Top of Recorded information

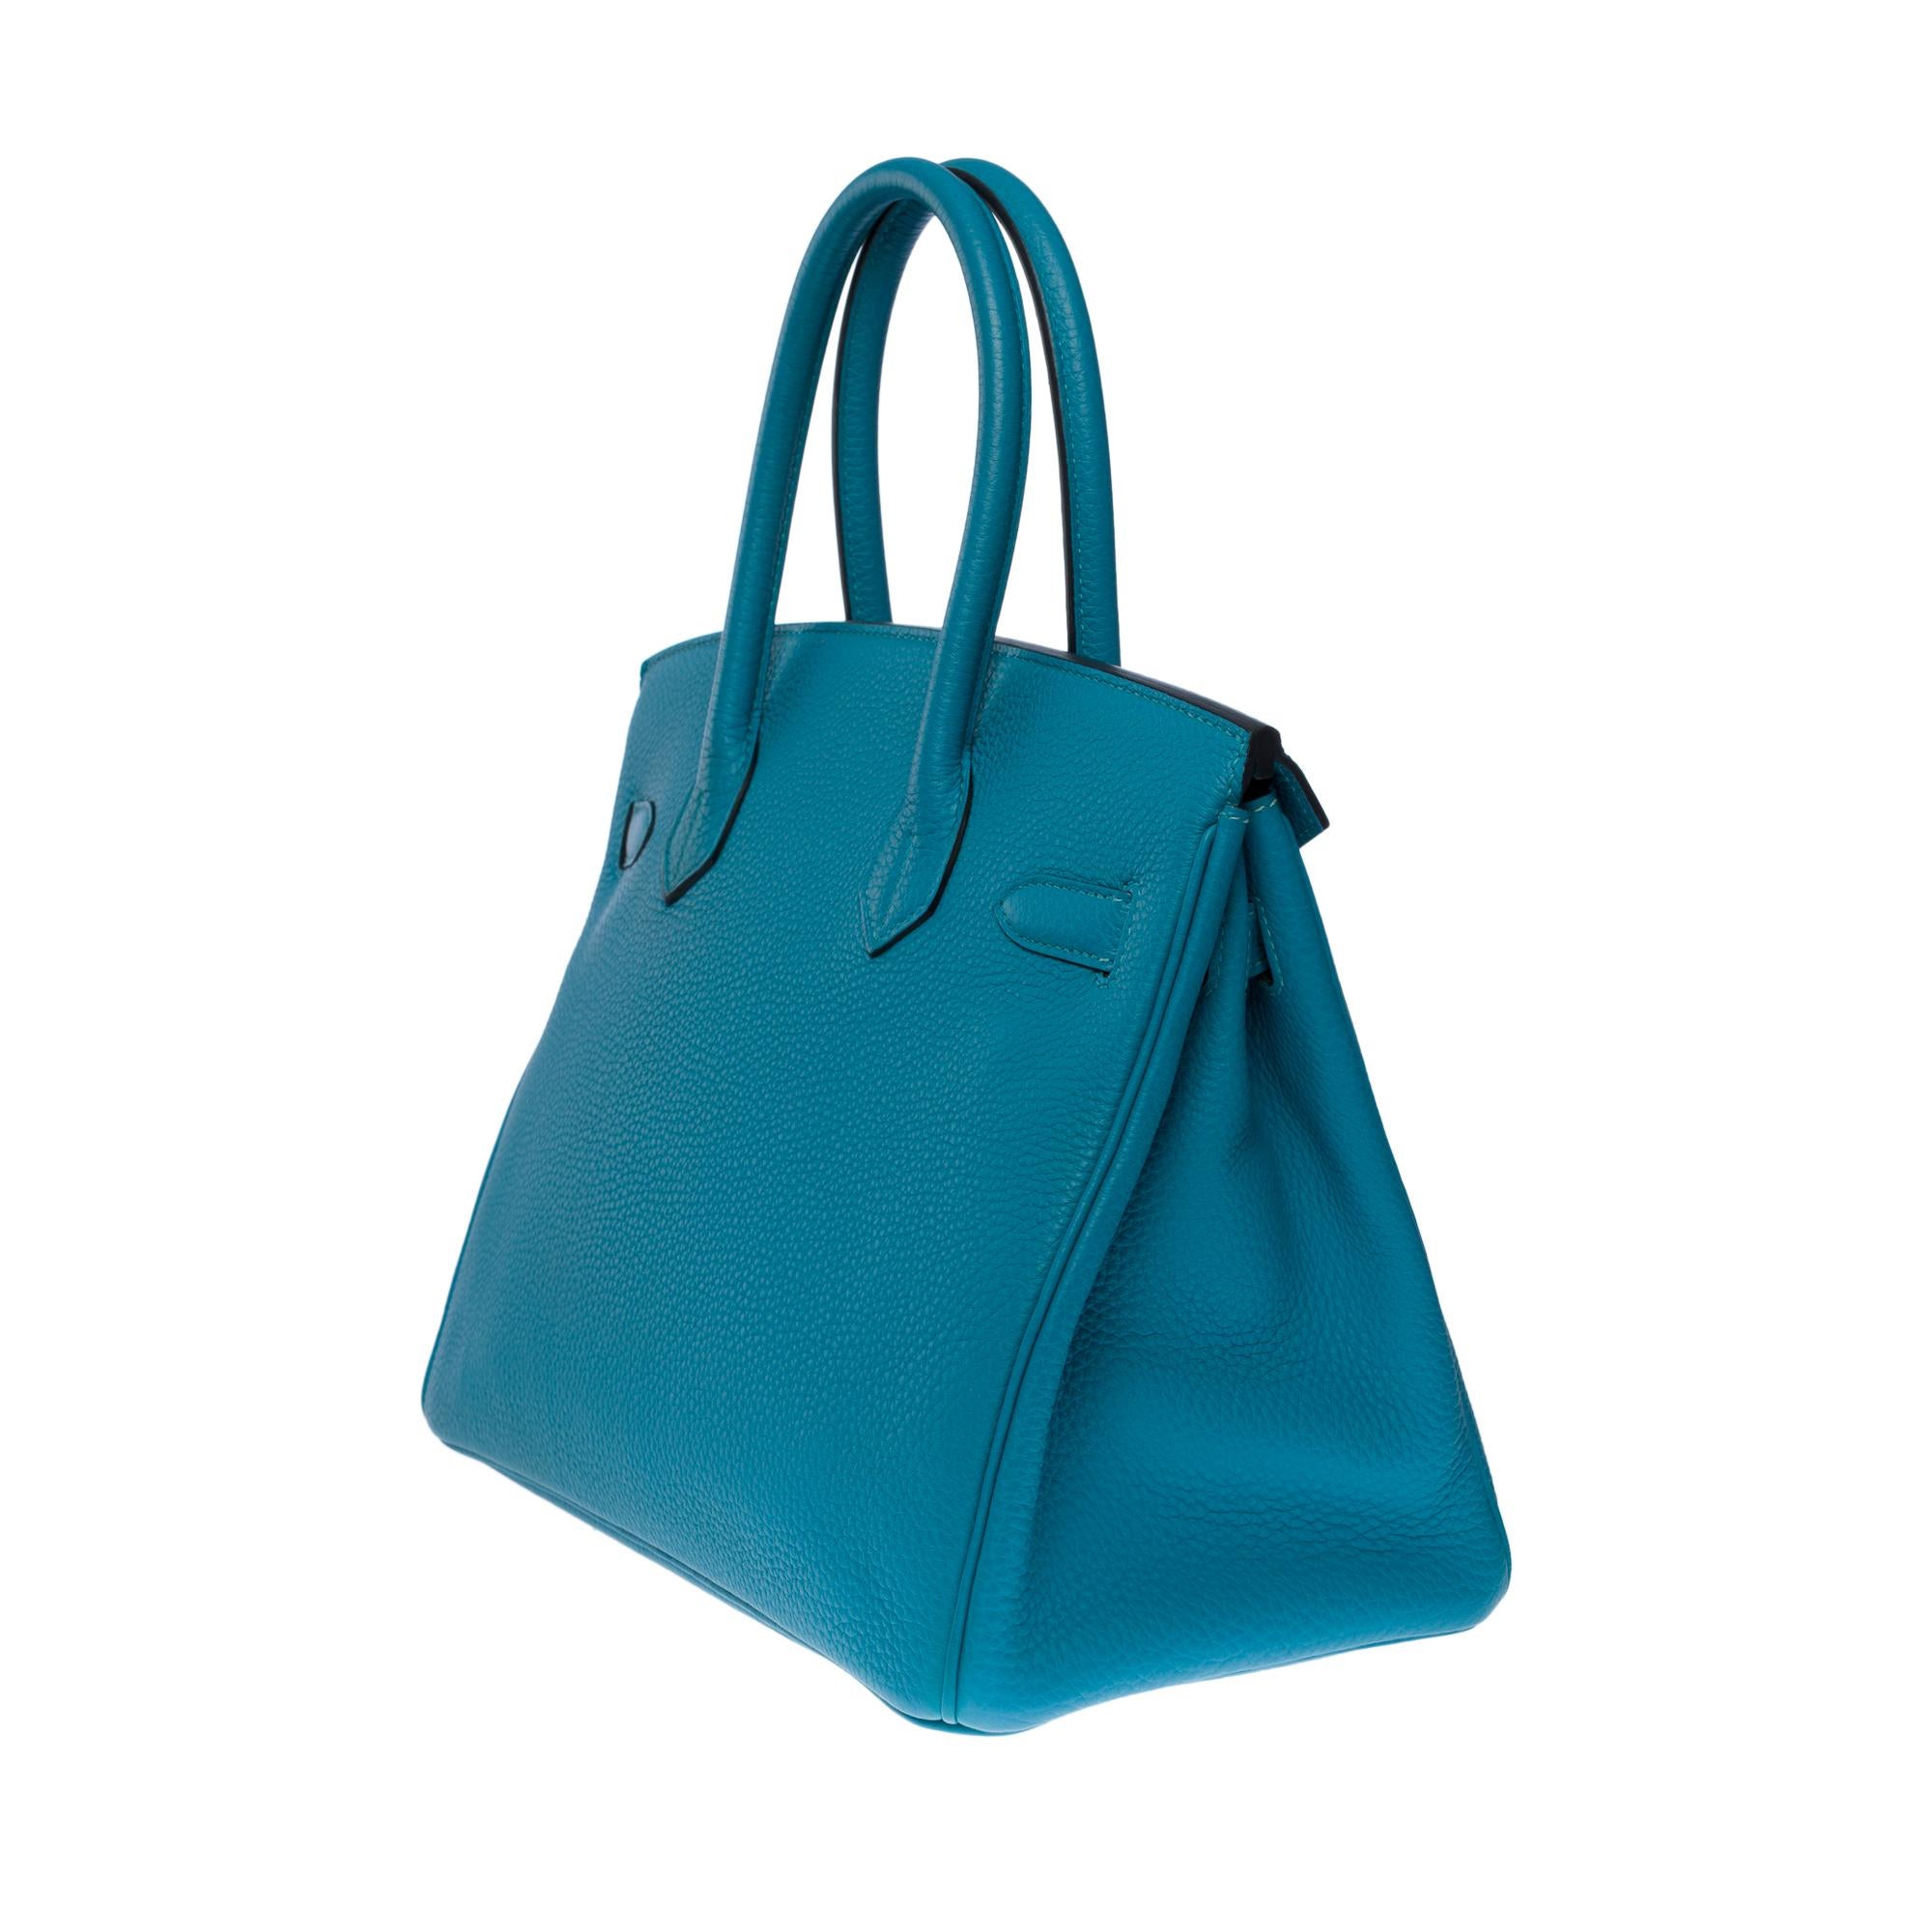 Amazing New Hermès Birkin 30 handbag in Turquoise Togo leather, GHW In New Condition For Sale In Paris, IDF
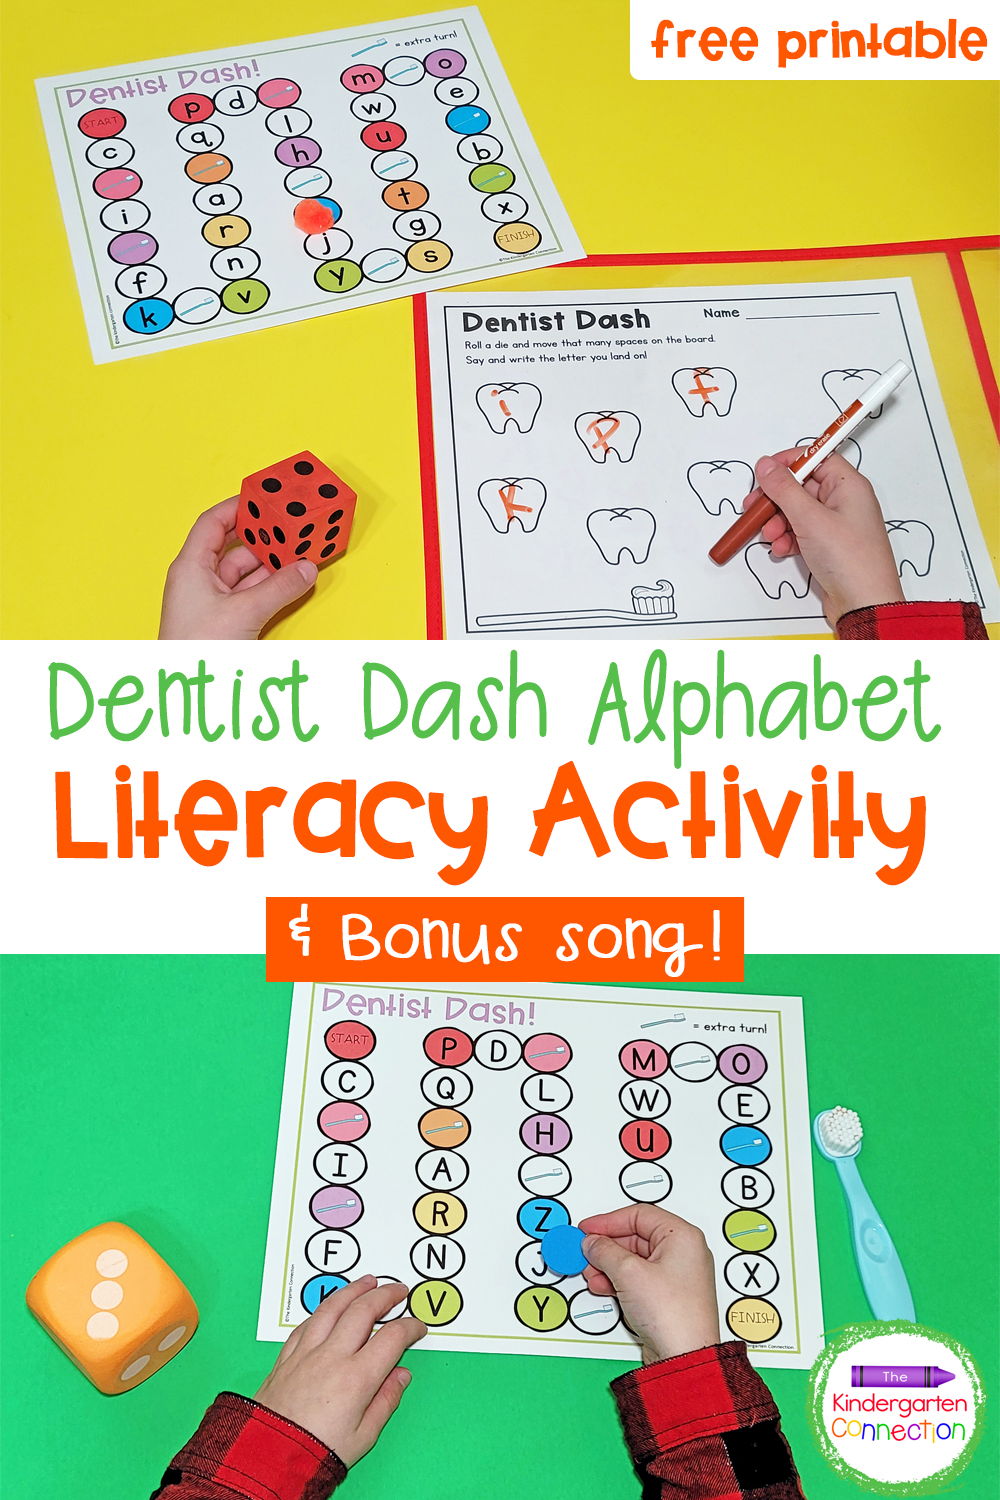 This free Dentist Dash Alphabet Activity will help your students build letter recognition skills and writing skills in February or anytime!
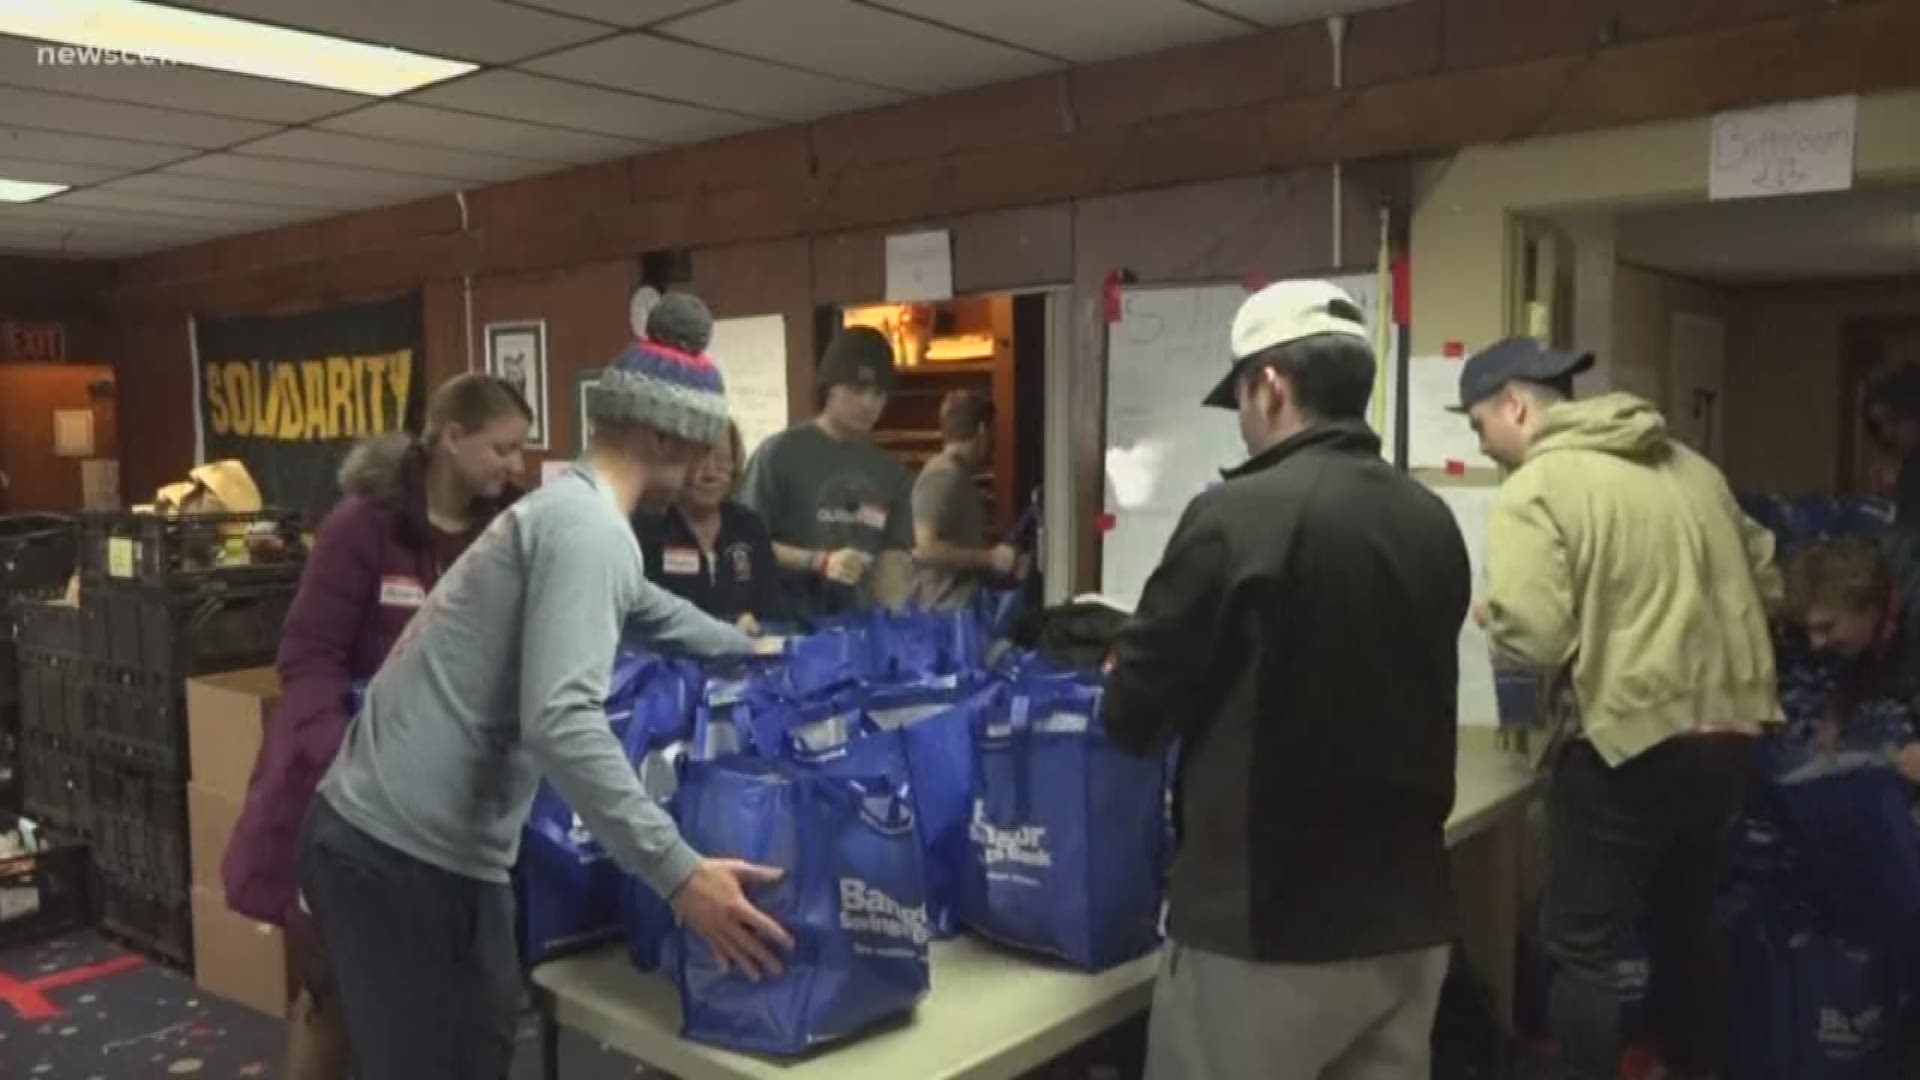 16th annual "Solidarity Harvest" gives a thanksgiving meal for 1,300 Maine families.

Bottom of Recorded information

• **What to work on**
Restate the data word for word, minus any images.

• **Worked solution**
 Amazing New Hermès Birkin 30 handbag in Turquoise Togo leather, GHW In New Condition For Sale In Paris, IDF
 This free Dentist Dash Alphabet Activity will help your students build letter recognition skills and writing skills in February or anytime!
 16th annual "Solidarity Harvest" gives a thanksgiving meal for 1,300 Maine families.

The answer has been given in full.